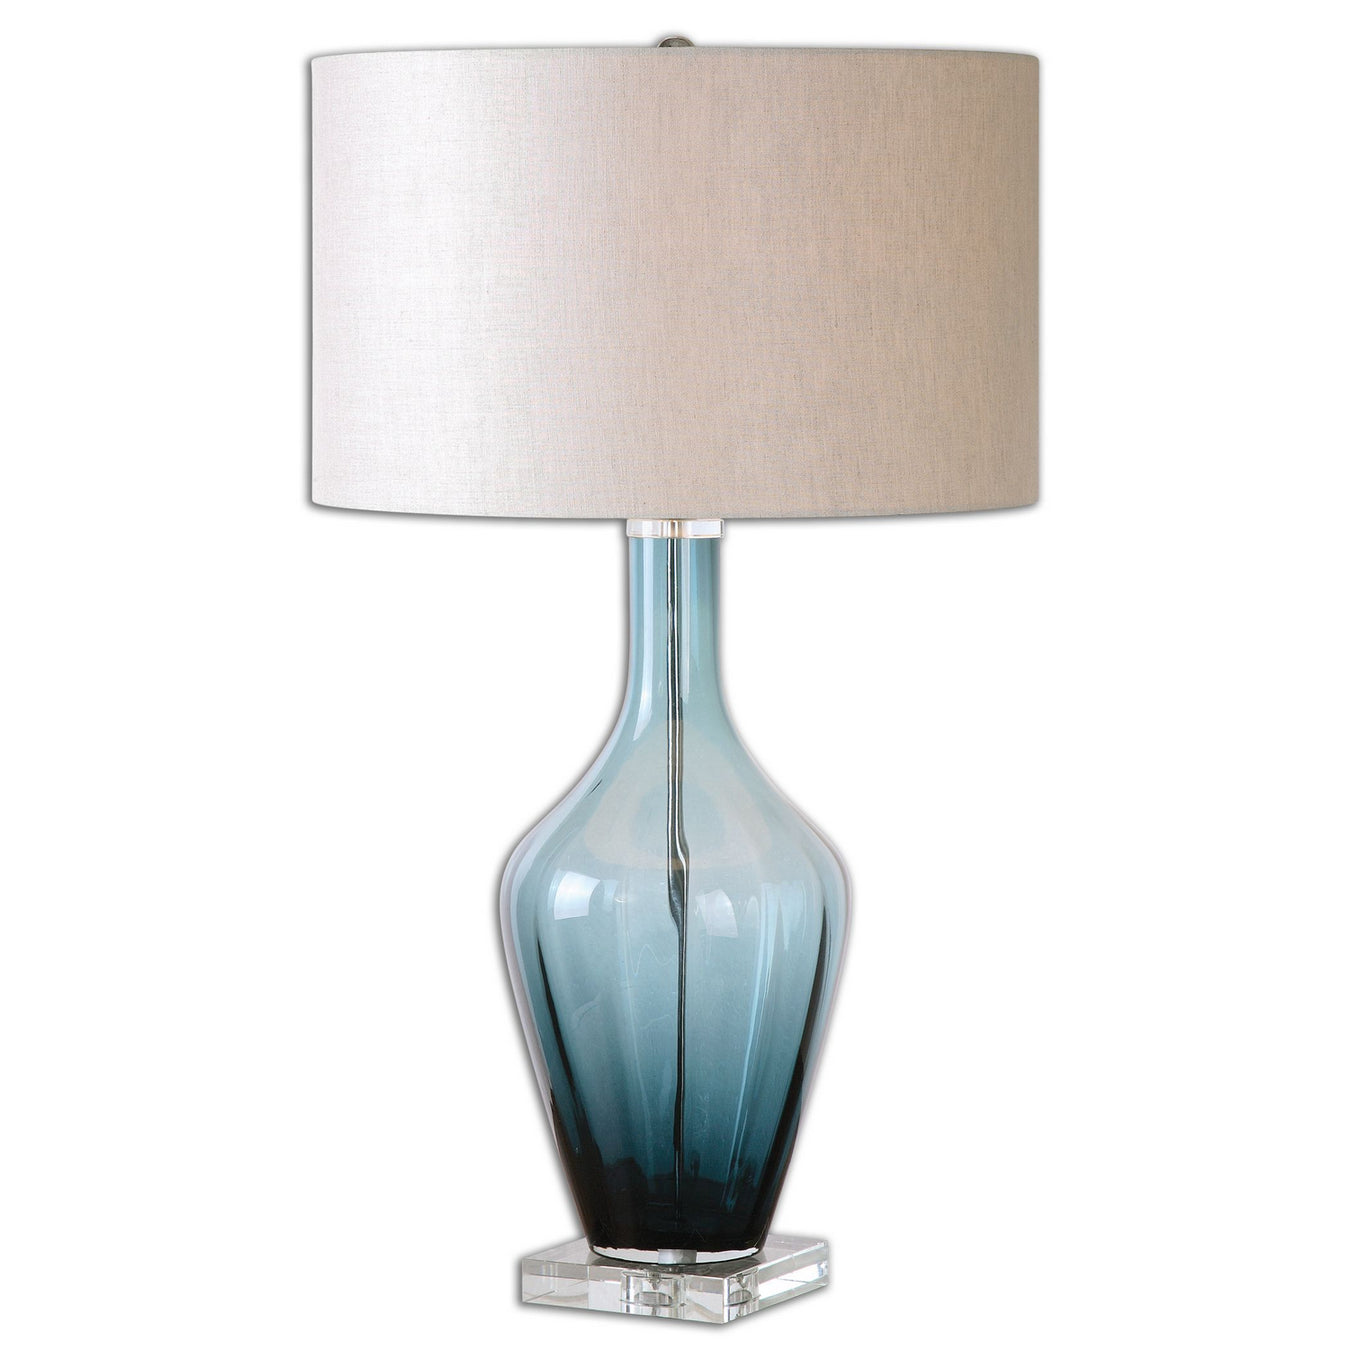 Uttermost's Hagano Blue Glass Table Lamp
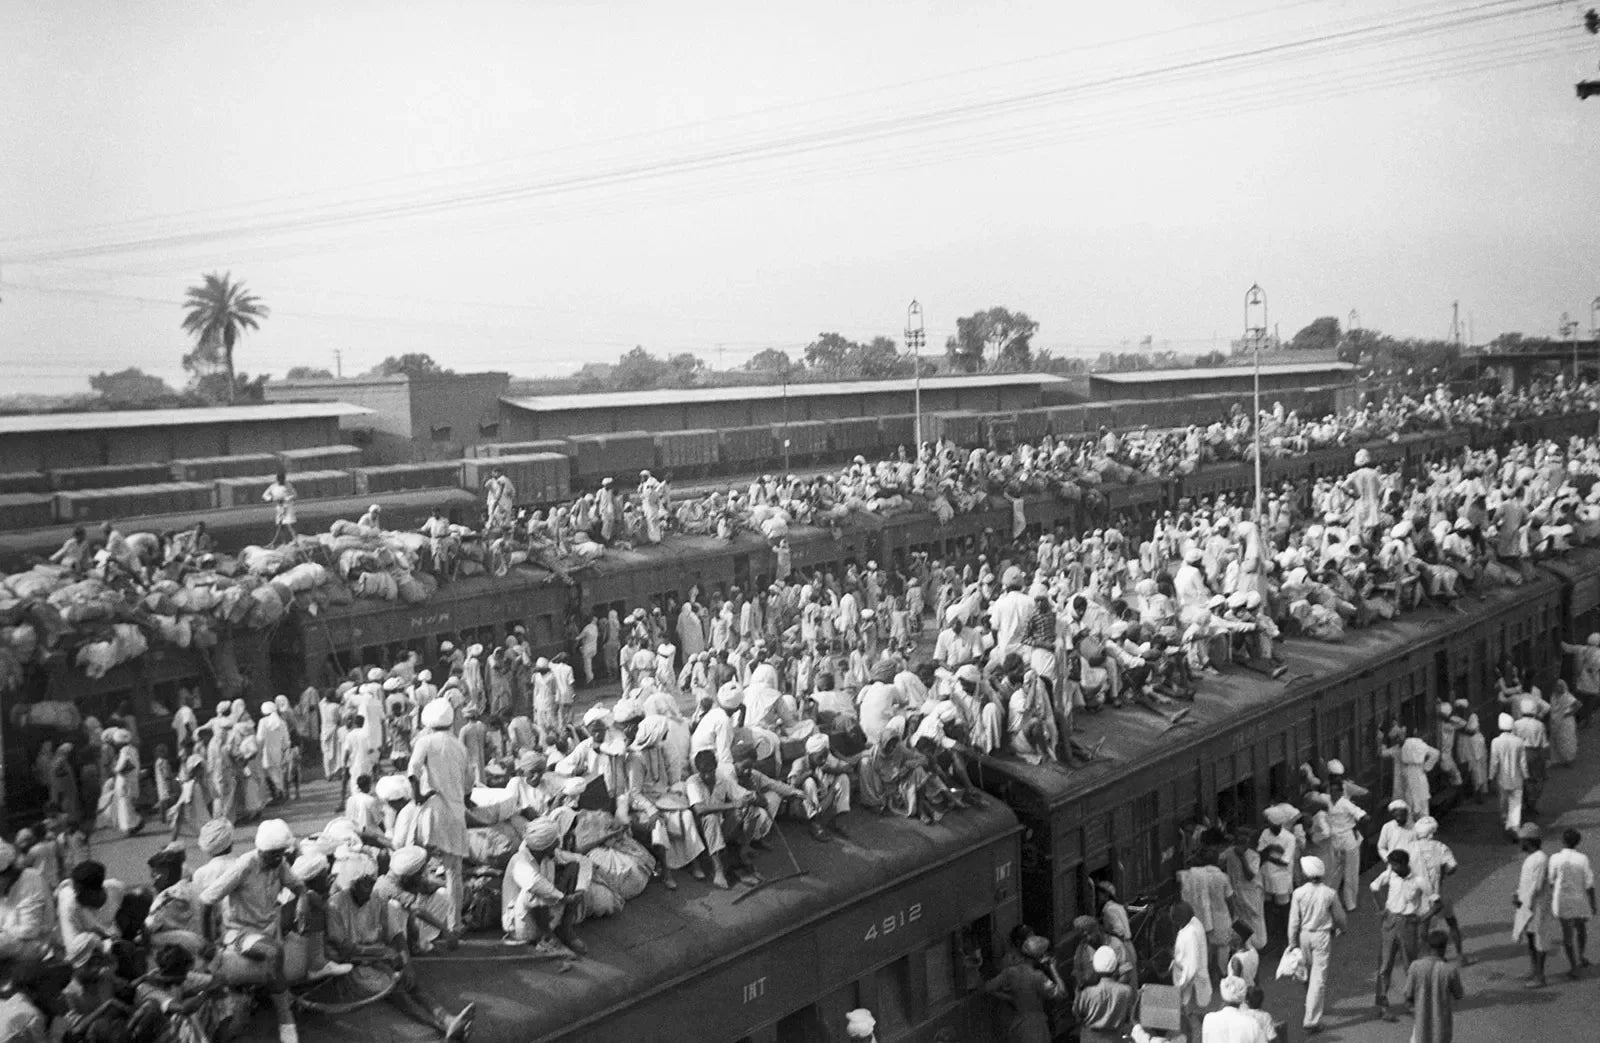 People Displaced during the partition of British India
+--
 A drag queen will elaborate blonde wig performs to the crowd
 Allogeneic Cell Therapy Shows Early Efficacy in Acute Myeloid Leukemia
+--
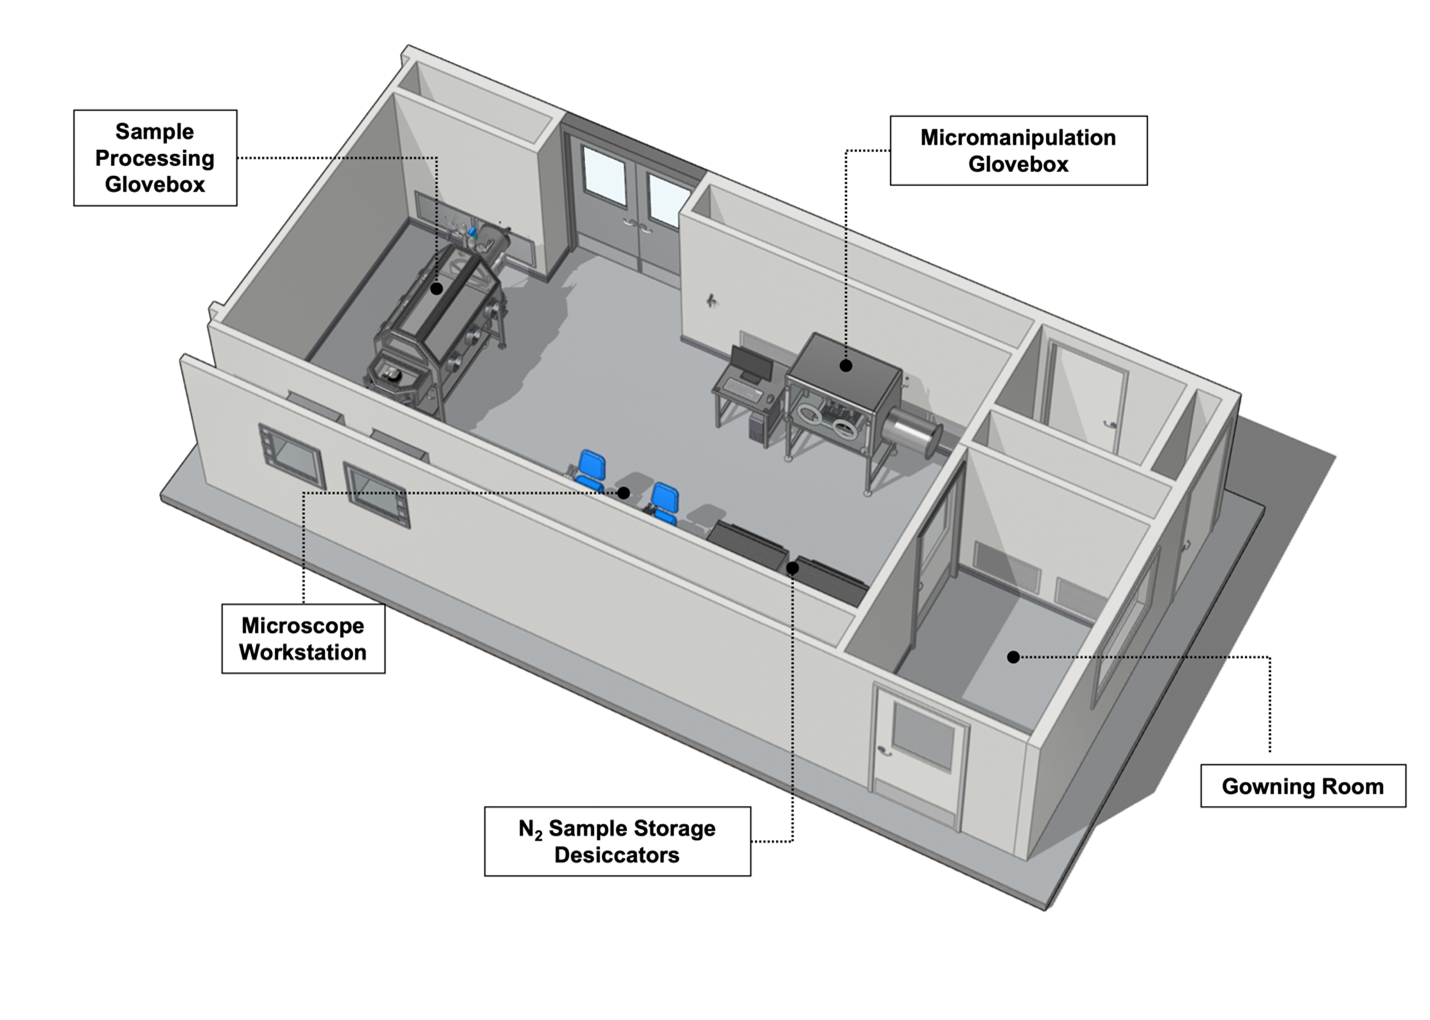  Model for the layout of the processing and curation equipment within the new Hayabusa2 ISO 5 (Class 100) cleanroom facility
+--
- Task goal
Please transcribe only the lines in the records above running from the line that has "A drag queen" through the line that has "Allogeneic Cell Therapy", both included, exactly as they appear.

- Expected answer
 A drag queen will elaborate blonde wig performs to the crowd
 Allogeneic Cell Therapy Shows Early Efficacy in Acute Myeloid Leukemia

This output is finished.